226-element Array{SubString{String},1}:
 "."                                                 
 "./3-filesystem.ipynb"                              
 "./base.rst"                                        
 "./.git"                                            
 "./.git/config"                                     
 "./.git/packed-refs"                                
 "./.git/index"                                      
 "./.git/logs"                                       
 "./.git/logs/HEAD"                                  
 "./.git/logs/refs"                                  
 "./.git/logs/refs/remotes"                          
 "./.git/logs/refs/remotes/origin"                   
 "./.git/logs/refs/remotes/origin/HEAD"              
 ⋮                                                   
 "./.ipynb_checkpoints/5-regex-checkpoint.ipynb"     
 "./.ipynb_checkpoints/2-CLI-checkpoint.ipynb"       
 "./.ipynb_checkpoints/4-processes-checkpoint.ipynb" 
 "./.ipynb_checkpoints/3-filesystem-checkp

> Note 1: You wouldn't normally use `find` in a Julia script. You'd be more likely to use the `walkdir` function, documented [here](https://docs.julialang.org/en/v1/base/file/#Base.Filesystem.walkdir).
>
> Note 2: the reason this is isn't just ```readlines(`find`)``` is that POSIX filenames can contain newlines. Isn't that horrible? `-print0` uses the null byte to separate characters, rather than a newline to avoid exactly this problem, since it's the only byte that is forbidden in a filename.

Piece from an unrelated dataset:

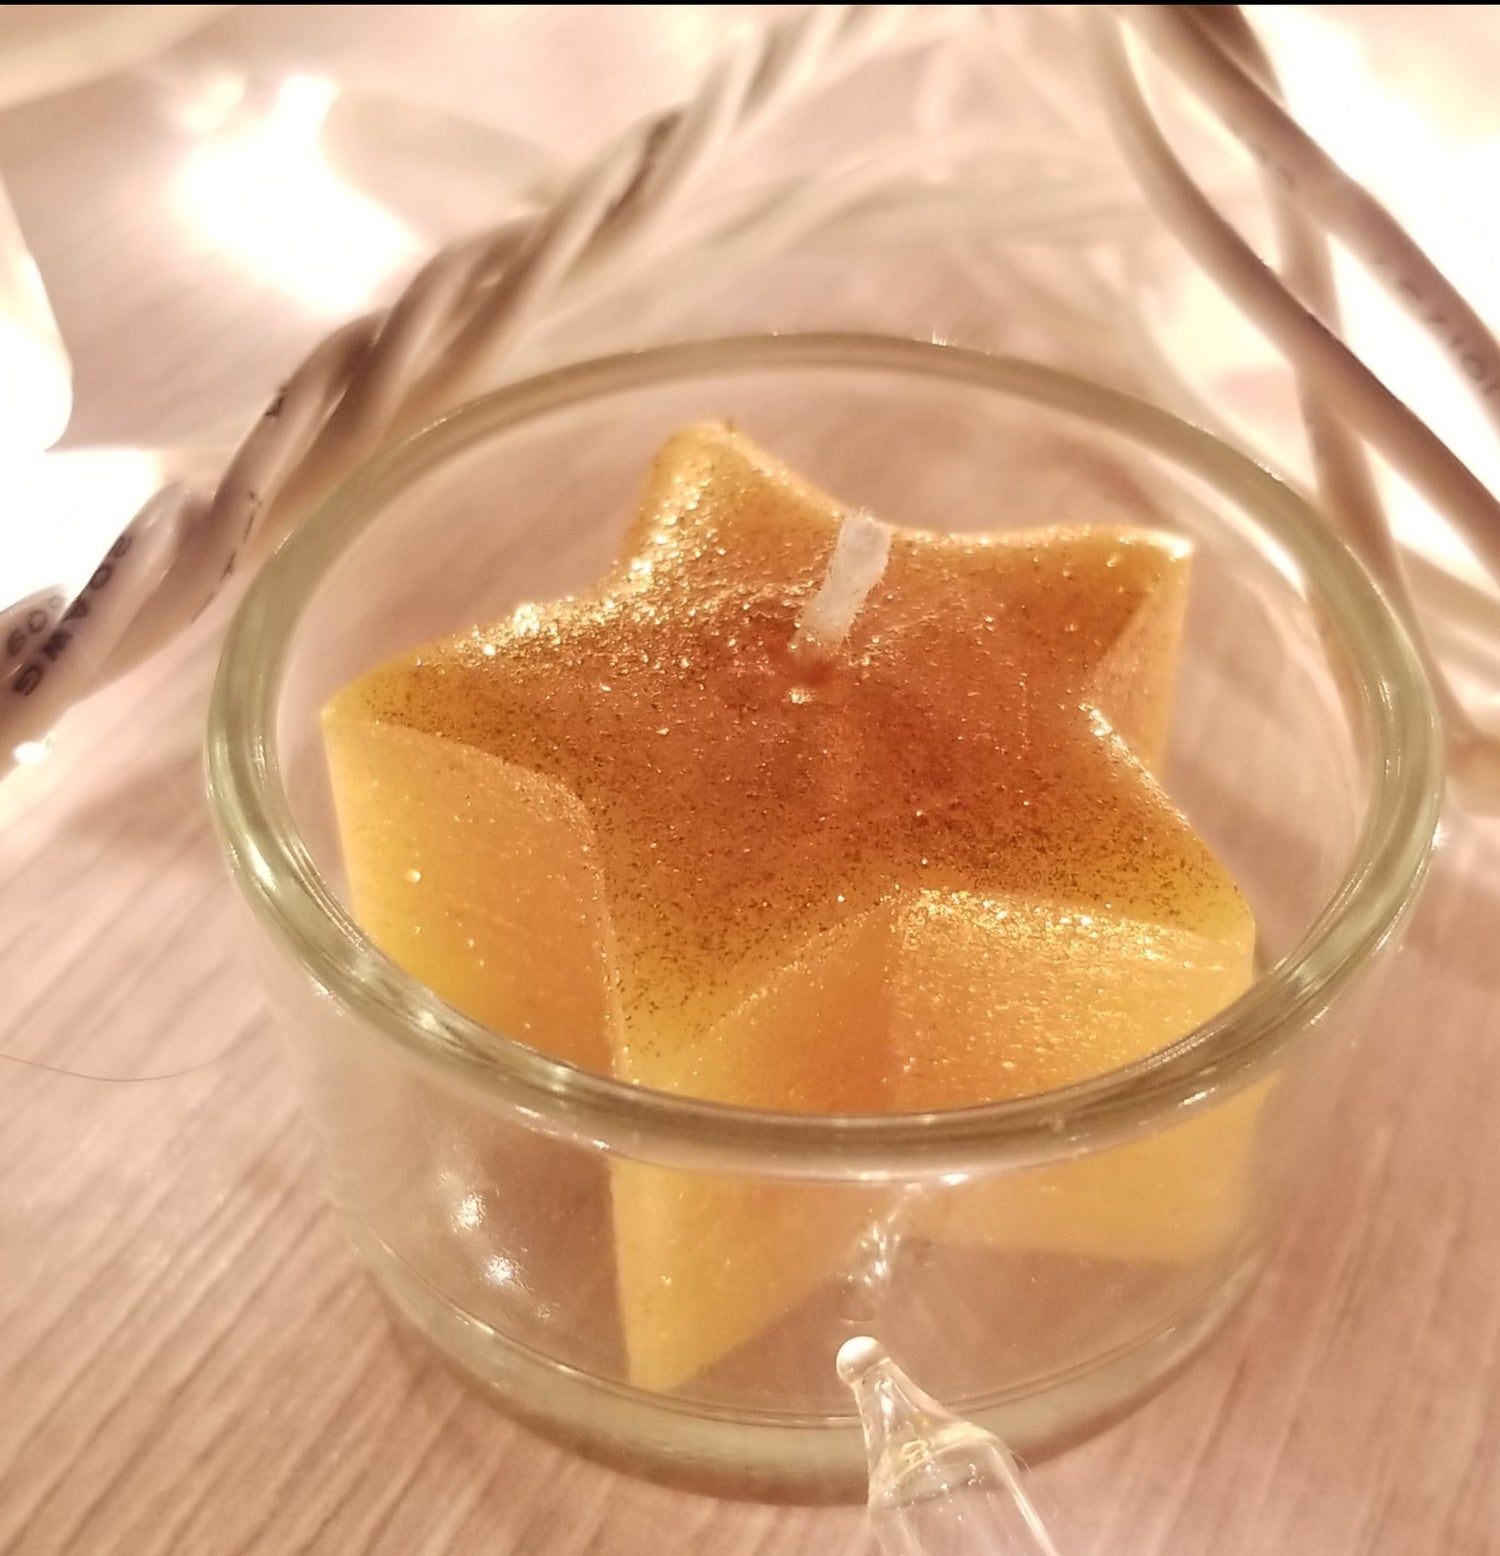 Sparkly star candle

So, let's try to match some git hashes that have four adjecent letters.

In [4]:
filter(s->occursin(r".git/objects/.*[abcde]{4}", s), filenames)

10-element Array{SubString{String},1}:
 "./.git/objects/68/0c692e7095ecab805f649885ccc0e32c63ae1b"
 "./.git/objects/9c/f63bd3bbeea6c067d1e08f762acce5ac8adfe0"
 "./.git/objects/1c/3c450edb480db60f6c949adf0b5dccdaebfc64"
 "./.git/objects/92/1cab47e3aafe6adab84ffdd9b06a16c34fa2e0"
 "./.git/objects/5e/8eeb92ced0763ccaa1a094c2c75e812ba090b9"
 "./.git/objects/b8/2403b2c7d4f507c4debdb47b46fb3754a3085c"
 "./.git/objects/b8/54273918b2f809ceb8a2d567665b8bdabb7d9d"
 "./.git/objects/bf/2627a295497343ecb3dbec23a853b0ebaa8c4f"
 "./.git/objects/33/c9b993c55a75a2424acae6f1bcc5dcbf1f1ef7"
 "./.git/objects/d0/0db2ebda0b296f6f08e54ad06f3102e7abdec6"

In [5]:
# this can also be done with comprehension syntax, of course

[fn for fn in filenames if occursin(r".git/objects/.*[abcde]{4}", fn)]

10-element Array{SubString{String},1}:
 "./.git/objects/68/0c692e7095ecab805f649885ccc0e32c63ae1b"
 "./.git/objects/9c/f63bd3bbeea6c067d1e08f762acce5ac8adfe0"
 "./.git/objects/1c/3c450edb480db60f6c949adf0b5dccdaebfc64"
 "./.git/objects/92/1cab47e3aafe6adab84ffdd9b06a16c34fa2e0"
 "./.git/objects/5e/8eeb92ced0763ccaa1a094c2c75e812ba090b9"
 "./.git/objects/b8/2403b2c7d4f507c4debdb47b46fb3754a3085c"
 "./.git/objects/b8/54273918b2f809ceb8a2d567665b8bdabb7d9d"
 "./.git/objects/bf/2627a295497343ecb3dbec23a853b0ebaa8c4f"
 "./.git/objects/33/c9b993c55a75a2424acae6f1bcc5dcbf1f1ef7"
 "./.git/objects/d0/0db2ebda0b296f6f08e54ad06f3102e7abdec6"

Notes about performance:

these examples are given for the sake of sympicity and nice print-outs, but, in cases where you don't know the size of the input data in advance, you will want to use generators rather than arrays. Generators expressions look like list comprehensions, but are in parentheses rather than brackets. For a streaming version of the filter function, use `Iterators.filter`.